3.5. Compliance and enforcement
HC׳s
approach to compliance and enforcement is progressive in nature. It
consists of a model based on four main principles: 1) high risk
incidents addressed in a timely manner; 2) proactive compliance
monitoring for low risk trends; 3) transparency of compliance status;
and 4) communications to build consumer demand for compliant products.
4. Aligning oversight of products of similar risk
4.1. Background
In
2013, the NNHPD expanded the scope of products over which they have
regulatory authority to include other non-prescription product lines,
including OTC drugs and disinfectants.
This
transition created a single federal division responsible for all OTC
health products; natural or otherwise. As a result of this transition, a
number of benefits are being realized with respect to government
efficiency, clarity for industry, support for new innovations and
consolidated government interactions with the Canadian market.
4.2. Impacts of this alignment
For
Canadians, this alignment is leading to a harmonized approach for what
appears on product labels and improved access to innovative products. It
will also lead to more comprehensive information to support informed
product purchase decisions.
For
the health care system and industry, this will provide a regulator that
aligns with how industry, the practice of medicine, and the market are
organized. It will also lead to consistency and efficiency in decision
making, as well as streamlined and consolidated government interactions.
For
HC, this alignment will provide fewer operational interfaces with other
program areas and clearer accountabilities. It will lead to harmonized
requirements and approaches to product authorizations and labeling, in
addition to a consolidation of expertise in product authorization.
4.3. Consumer health product framework
HC
is working on a vision for Regulatory Modernization. Part of this
vision includes the creation of a Consumer Health Product Framework. The
Framework offers a coordinated, proportional approach to benefit, harm
and uncertainty management of similar products. It distinguishes
oversight applied to natural and non-prescription products from that
applied to prescription products.
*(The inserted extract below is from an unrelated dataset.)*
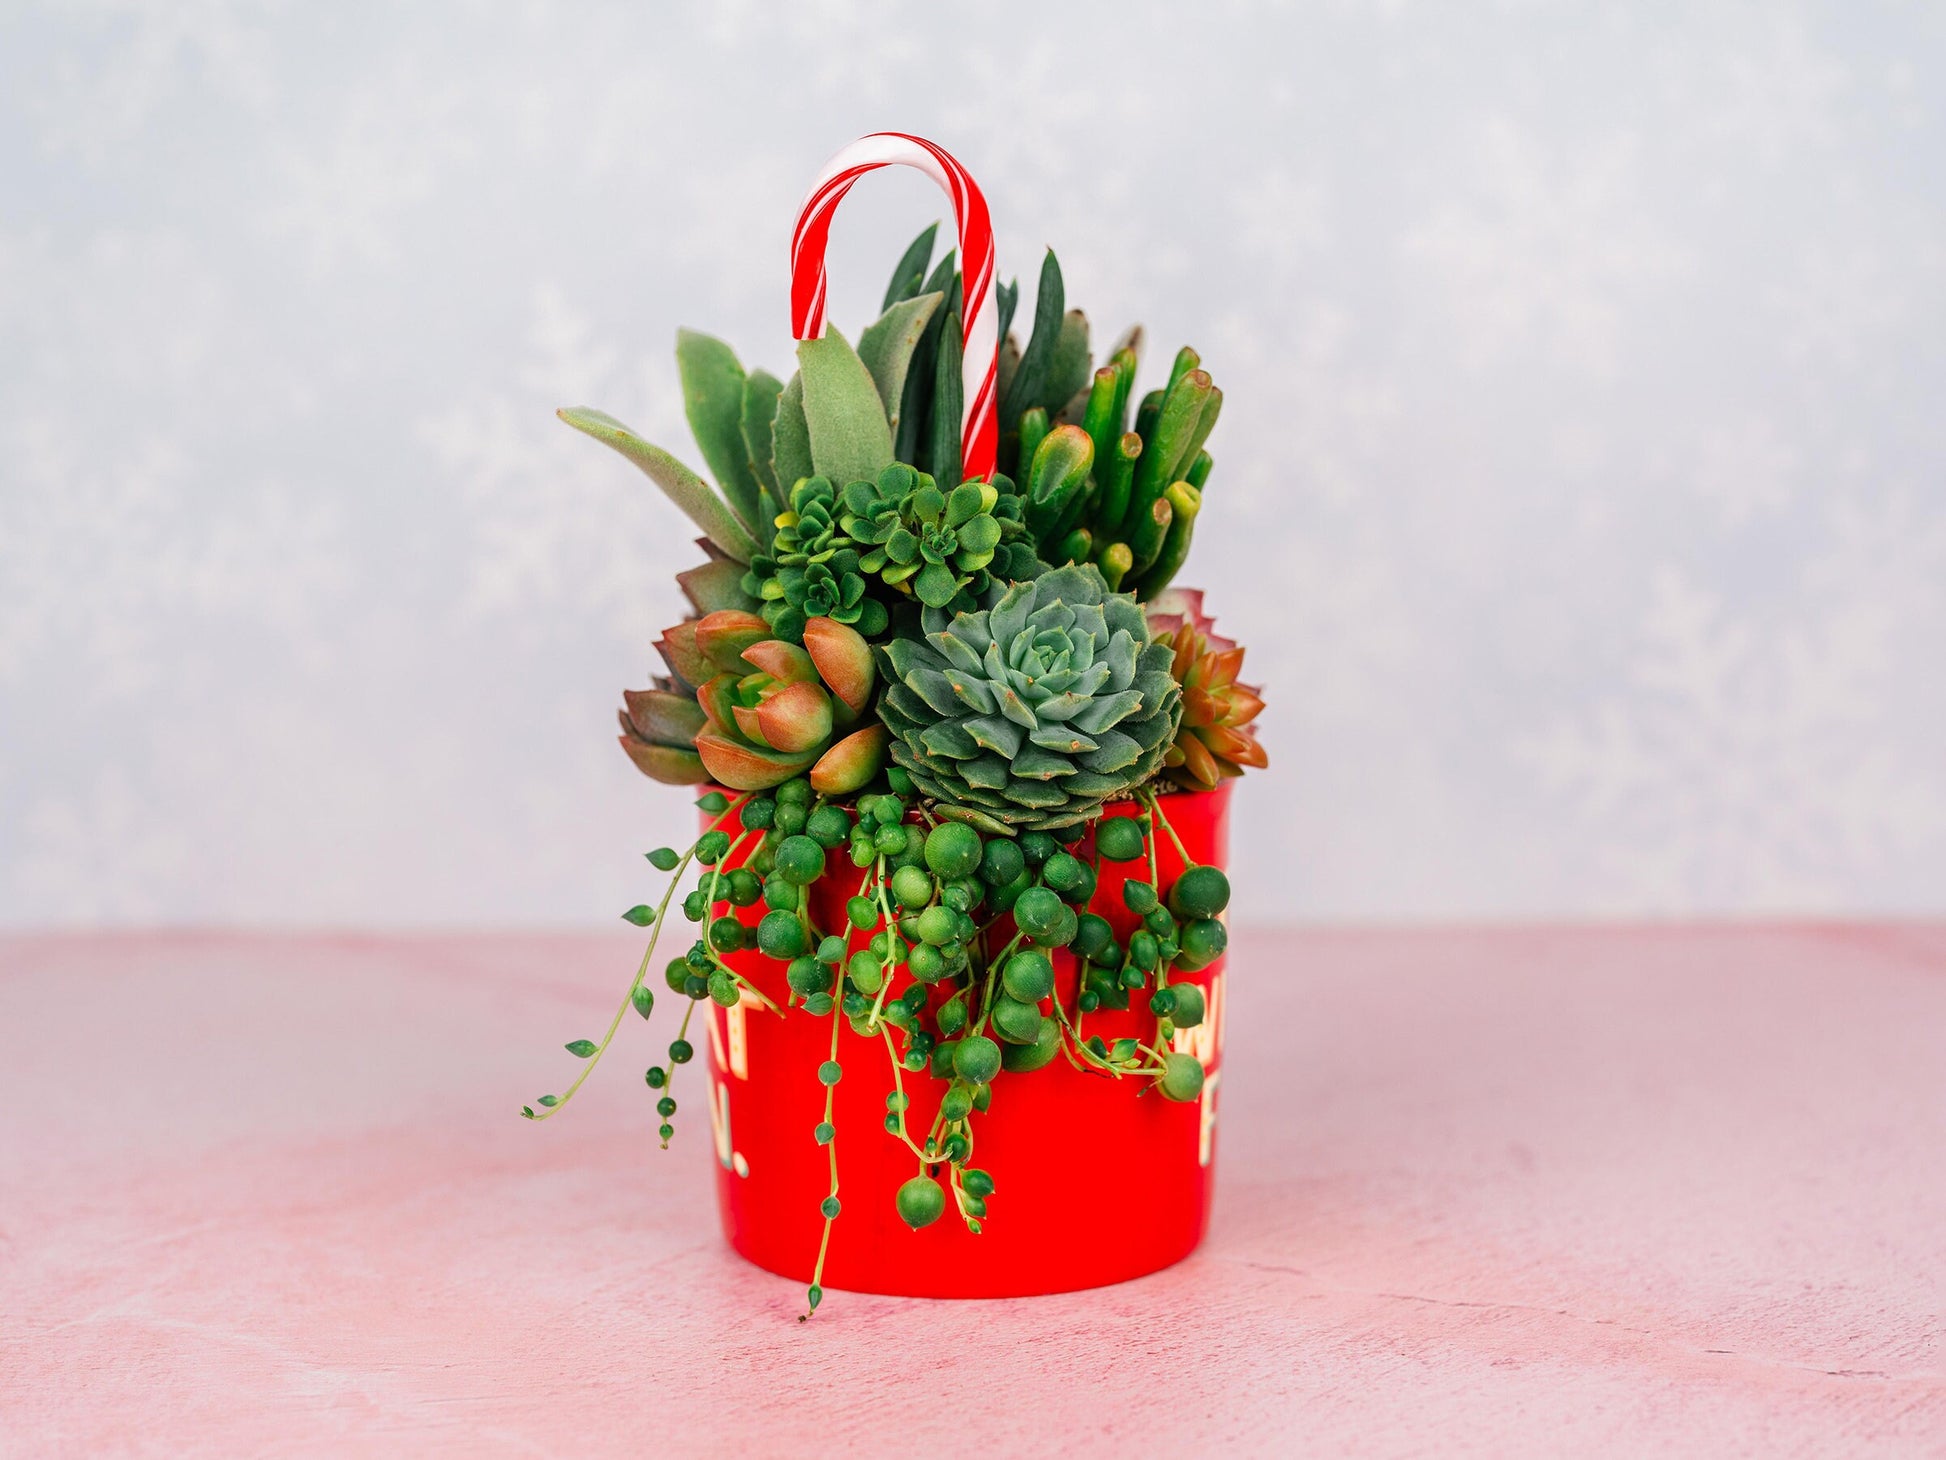 Red Candy Cane Christmas Mug Succulent Holiday Arrangement- Oh What Fun- Bursting with Living Succulents for Holiday Gift or Home Decor

It modernizes oversight as much as
possible within existing regulatory authorities and offers flexibility
to validate key operational concepts in preparation for later regulatory
change (Health Canada 2012a).
5. Conclusion
Going
forward, the vision of regulating OTC health products including NHPs in
Canada is to ensure that the federal regulatory scheme is designed to
respond to future trends in the field of patient self-care. HC
recognizes that an increasing number of Canadians are using NHPs and
also combining them with other therapies. Canadians have access to
global information about health products and may base their personal
health decisions on this information. The challenge for HC, and our
counterparts in other jurisdictions, will be to design flexible and,
harmonized regulatory approaches to support access to safe, effective
and high-quality products in the future.